Overall, according to statista.com in the US, a lot of people are spending less on most things. At the high end, 77% of respondents reported spending less on going out. At the low end, 8% of respondents reported spending less on health and hygiene products as well as household cleaning products.
As life goes back to ‘normal’ or the new normal, keeping expenses low is paramount. There is going to be the temptation to spend more on going out or maybe taking a vacation. Resist the urge to spoil yourself.
There are many benefits to maintaining lower expenses; increased flexibility, higher savings rate, financial security, etc. We are not saying you should deprive yourself, but it is important to remember to spend within your means. Pay yourself first (save), spend second.

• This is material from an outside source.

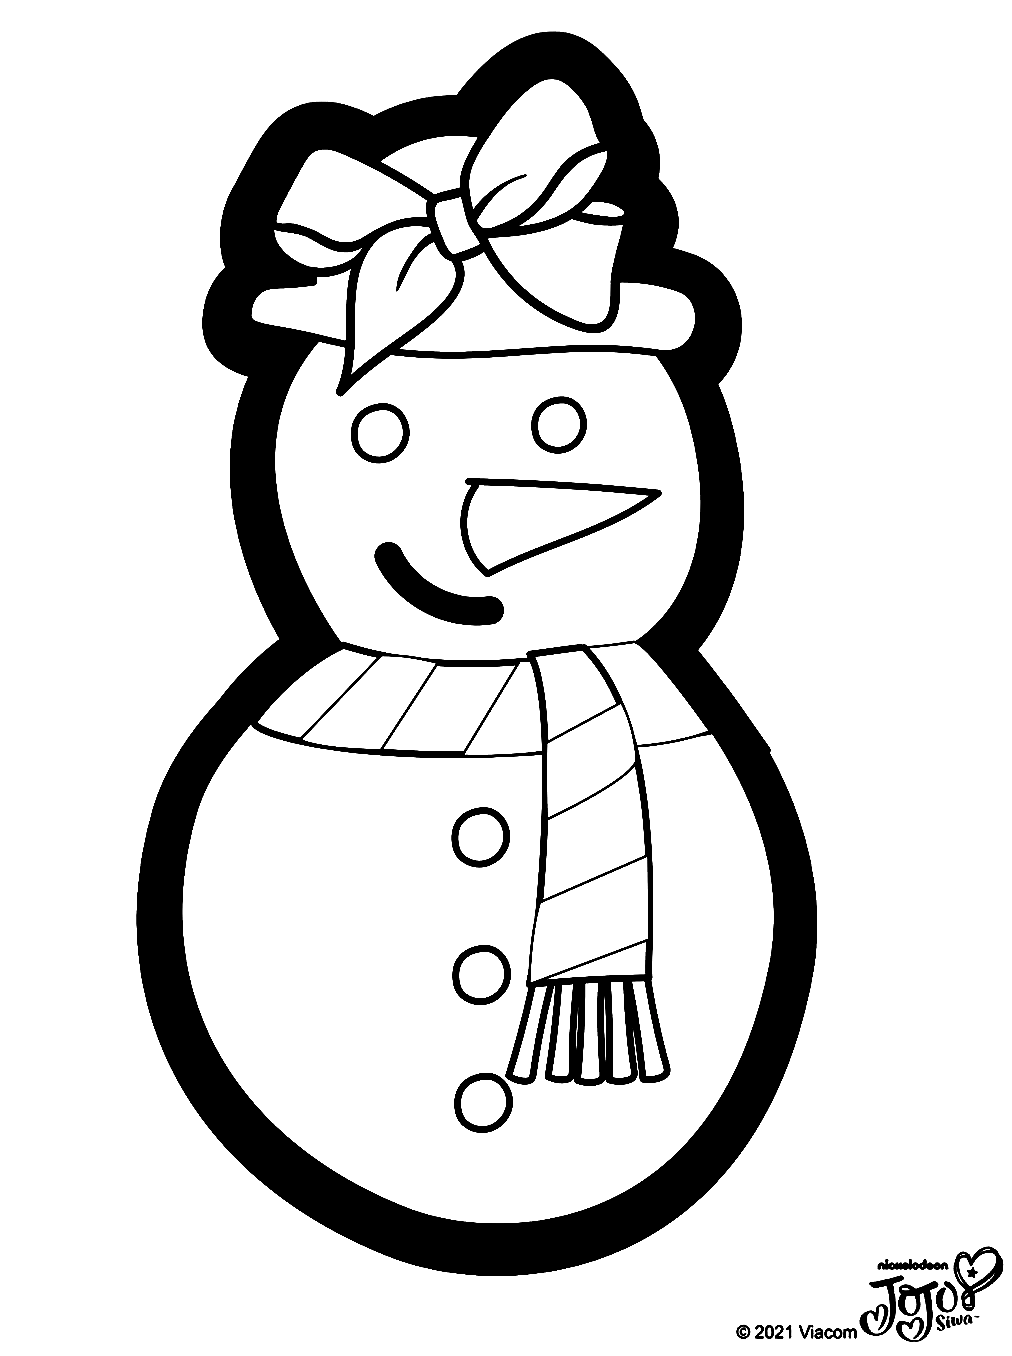 Desenho de boneco de neve com laço de cabelo de Jojo Siwa para colorir

Financial flexibility is important. Especially in a time of economic uncertainty where the economy is propped up and interest rates are low. Where governments continue to have central banks print money causing consumers to lose faith in them and the dollar. Where businesses are overvalued and continue to rise in value.
Having financial flexibility will allow you to take advantage of opportunities and other people’s financial missteps.
Increase Your Savings
As we mentioned above, increasing your savings can propel you ahead. With COVID having drained a significant amount of reserves for many people, replenishing emergency funds is key.
By keeping expenses low, you will be able to increase emergency funds much quicker. With many people worried about a second wave, and more potential shutdowns, the quicker you can stash away money the better.
For more on emergency funds, read Emergency Fund 101.
In addition to your emergency fund, you may also need to review how much you are putting into your nest egg. Your nest egg is a sum of money or assets you have set aside for a specific purpose, usually retirement.
Back in March, the stock market was hit hard. At the low point in Canada is was down almost 35% year to date. The peak to trough decline was nearly 38%.
Due to severe downturns, some nest eggs were hit hard. If you are young, it’s not as big of a deal because you have a lot of time to rebound. However, if you are nearing retirement, those losses could mean less income in retirement or delaying retirement by a couple of years.
Yes, the market has rebounded significantly recouping most of those losses, but no one knows for sure when the next crash or correction is coming. For that reason, increasing your savings rate is a good way to ensure that your financial plan stays on schedule.
As time goes on we will continue to preach the importance of budgeting. You can think of having a budget and trying to stick to it as another goal you are trying to achieve. For more on goals read Defining and Achieving Financial Goals.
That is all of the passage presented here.